Roy Osing
17 Dec 2019

This is how being the same is deadly

BE DiFFERENT or be dead.

The implication is that if your organization is not different, sooner or later it will be irrelevant and it will die.

Sameness kills.

The path to organizational death is predictable when you look like everyone else.

Sales revenue decline because the value proposition of your organization is limp it has no distinctive substance and potential customers can’t figure out why they should buy from you and not your competitors.

People stop buying because the company's offerings are no longer relevant; they no longer serve a compelling need.
They lose their edge that was the original reason people bought from them and not their competition. Their product portfolio is now common and indistinguishable from that offered by others.

Customers migrate away, looking for more value for their money; to get their specific needs satisfied.

Price cutting is invoked as the salvation, believing that lower prices will increase sales volumes and boost revenues. The reality is, however, that with a limp value proposition, driving prices down also drives revenue down.

With revenues declining, management decrees that costs be reduced to preserve operating margins.
Across-the-board cost cutting is ordered as a balanced approach which means customer serving functions get whacked; fewer frontline people are expected to handle the higher volume of calls that results from reducing prices.

Customer service suffers and customers get increasingly more dissatisfied.

They look for alternative suppliers. Degenerating service removes any reason for customers to stay loyal.
Customers find it easy to switch suppliers since so many alternatives present themselves; competitors swoop down to catch the vulnerable prey.

Revenues spiral downward; margins are squeezed; more costs are sliced from company operations; customers are casualties.

It's a relentless cycle.

Leadership looks for a short term strategy to reverse the trend; they are forced to abandon a longer term growth strategy.

The organization may look to partnerships as a fast and easy way to expand their customer base and bolster their revenue line.
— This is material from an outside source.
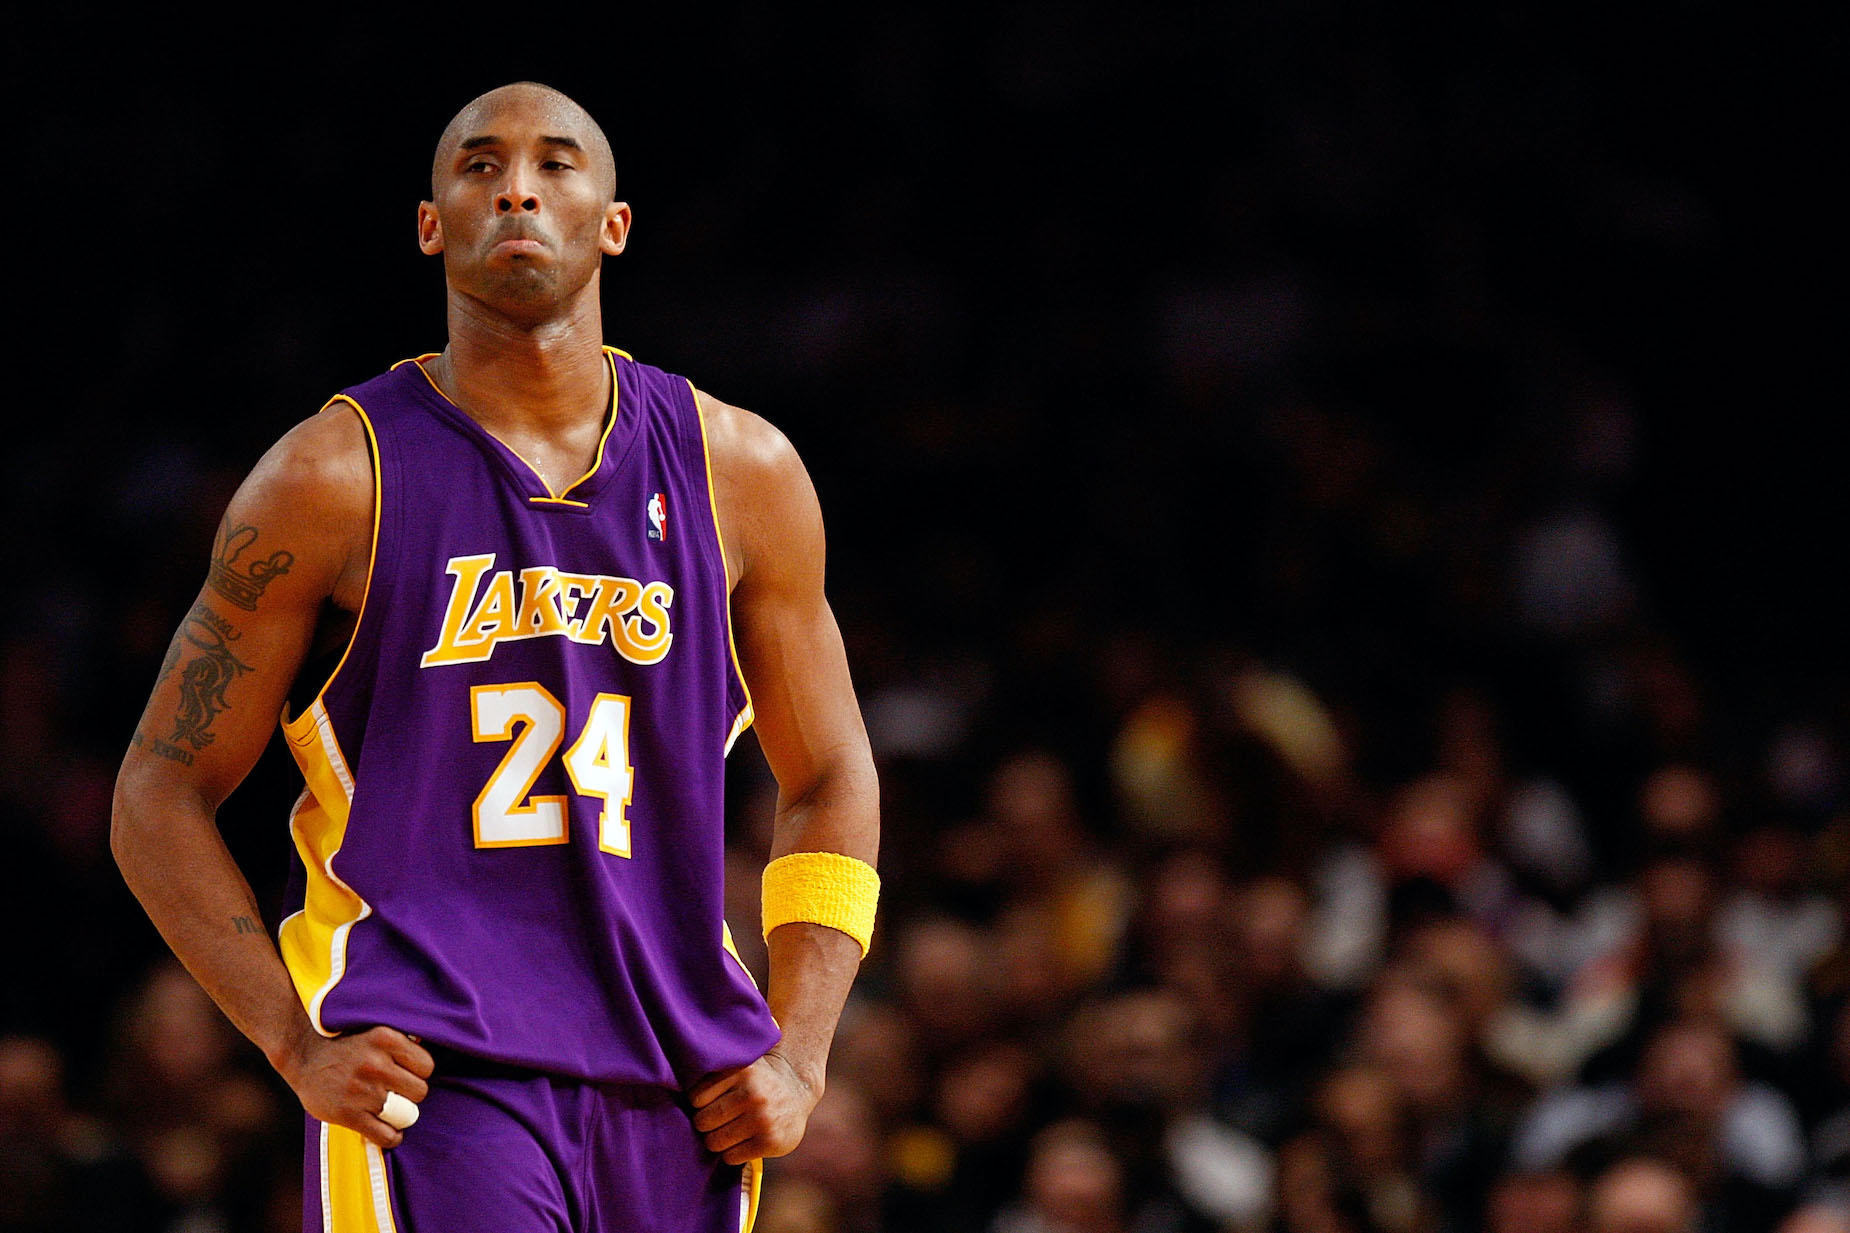 LA Lakers star Kobe Bryant reacts on the court during a 2009 NBA game.

This process burns valuable time and people resources and is limited by financial capabilities due to shrinking margins and an unhealthy balance sheet.

The search for partners shifts priorities
 away from fixing the @home value proposition issues to assessing potential partner candidates and determining how to integrate the winner into the overall operations and culture of the suitor.

Revenues continue to decline; confidence erodes.

The cycle becomes entrenched; the organization explores selling off assets to improve financial results.

No investments are made in solving the endemic value proposition issue they face.

It's not a matter IF they will die; it's a question of WHEN it will happen - how long can they hang on.

When customers start to leave, they are telling you that you are becoming irrelevant; you don't have any uniqueness relative to your competitors.

You are the SAME as them.

Fix THAT problem and the revenue line will take care of itself.